The systems modular approach has the overriding concept of only needing to code something once, then the ability to drag-and-drop that component to reuse it in other parts of the model.
This provides a very efficient and very linear glide-path for model development from creating a single cash flow liability model, to a dual basis EV type calculation, to ALM modelling and then to stochastic or even nested stochastic modelling. At each stage of this process users only need to code the extra complexities involved and simply reuse all the other areas previously created.
This model development approach, together with the constantly evolving system architecture to make effective use of the latest hardware and computing availabilities, makes R³S Modeler a very efficient tool capable of modelling and projecting the most complex products and dynamic ALM decision rules painlessly.
As well as providing standard code for regulatory needs such as Solvency II and IFRS 17 where the library is also being expanded into non-life modeling, allowing companies to have a single tool for all life and non-life modelling and reporting accelerating any implementation project.
What trends are you seeing in terms of customer demand?

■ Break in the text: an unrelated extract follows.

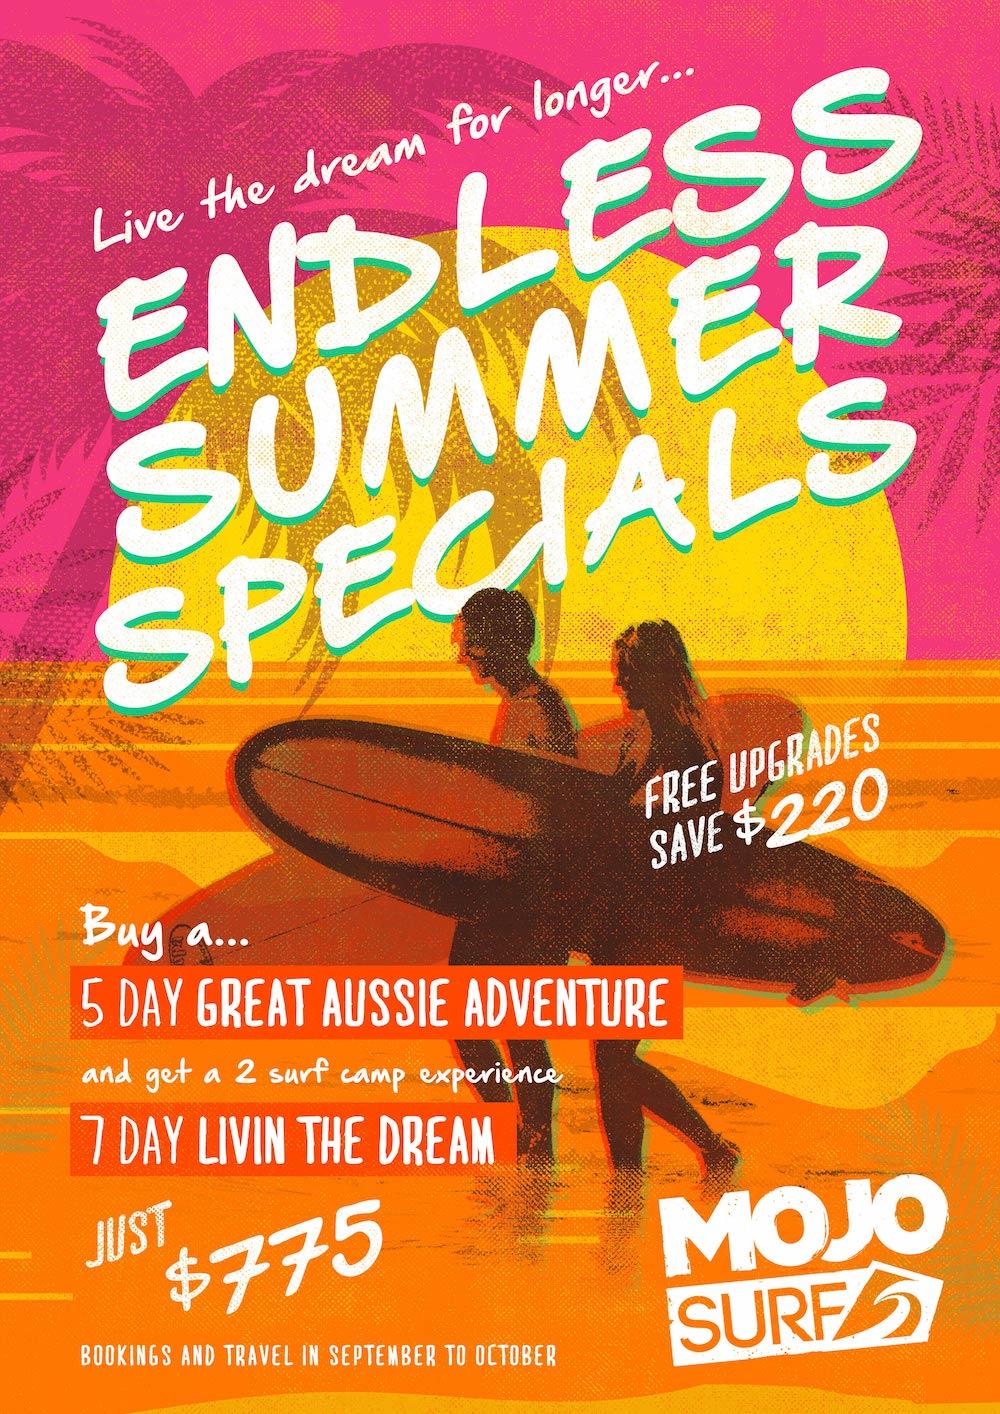 Mojosurf Surf Adventure Specials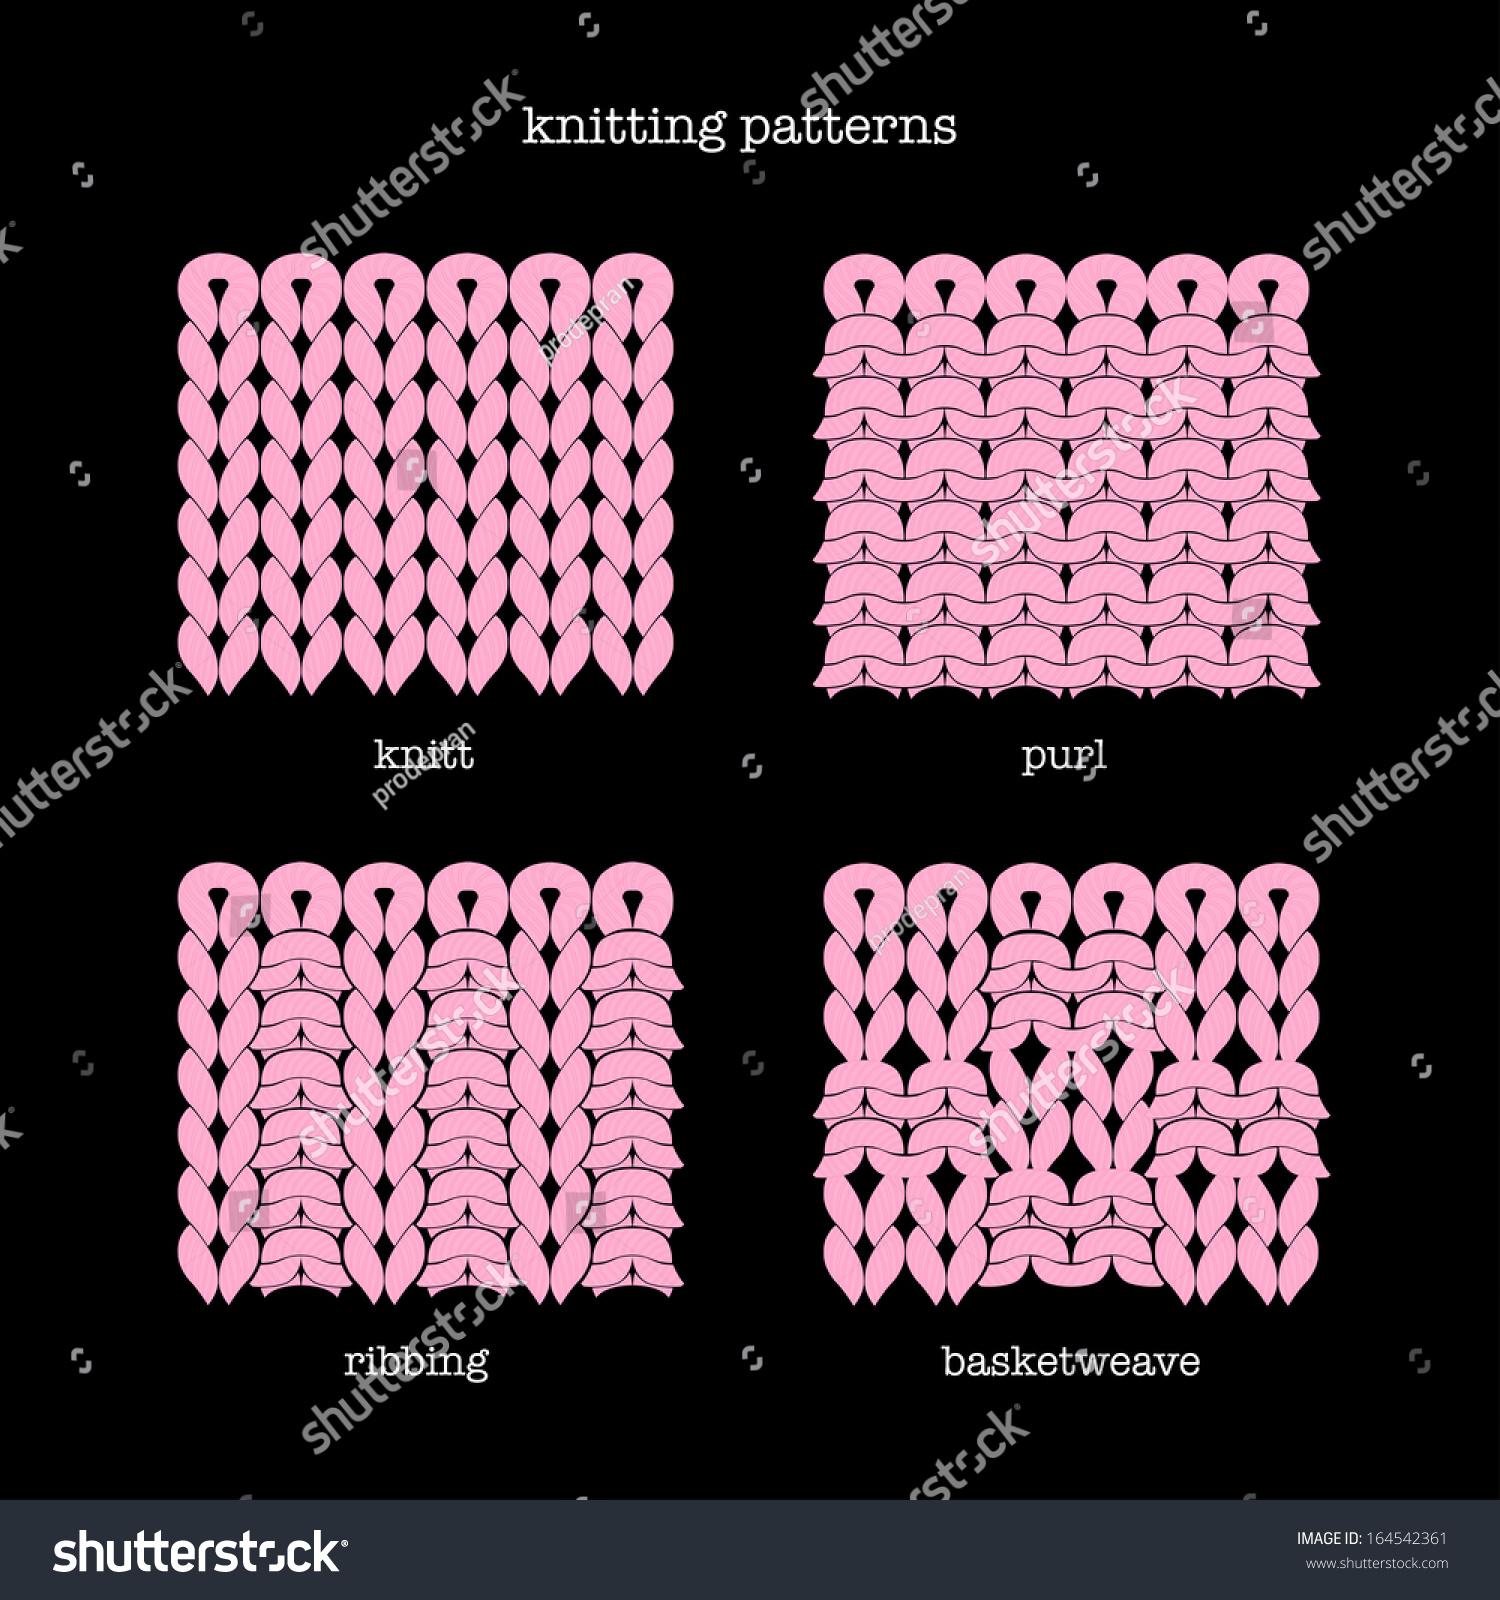 Knitting Stitches Vector : Knitting Patterns Stock Vector Illustration 164542361 : Shutterstock

The pace of change we have seen in the last decade is picking up, fast, and forward-looking insurers are turning to technology to keep them multiple steps ahead. However, to do that, insurers must first recognise the major force of technological change - which pervades all other trends.
And with investment in advanced actuarial analytics expected to continue on a growth path, insurers can expect to be able to offer more tailored recommendations, enjoy a constantly improving understanding of customer behavior, and gain greater market knowledge and therefore profit through better managed portfolios.
There is no going back, and we are excited to be on this rewarding journey with our clients. But we also recognise that an investment in technology is one of the most important decisions an insurer can make and carries an investment risk of its own.
The R³S Software Suite simplifies the complexity of actuarial, regulatory and risk-based requirements.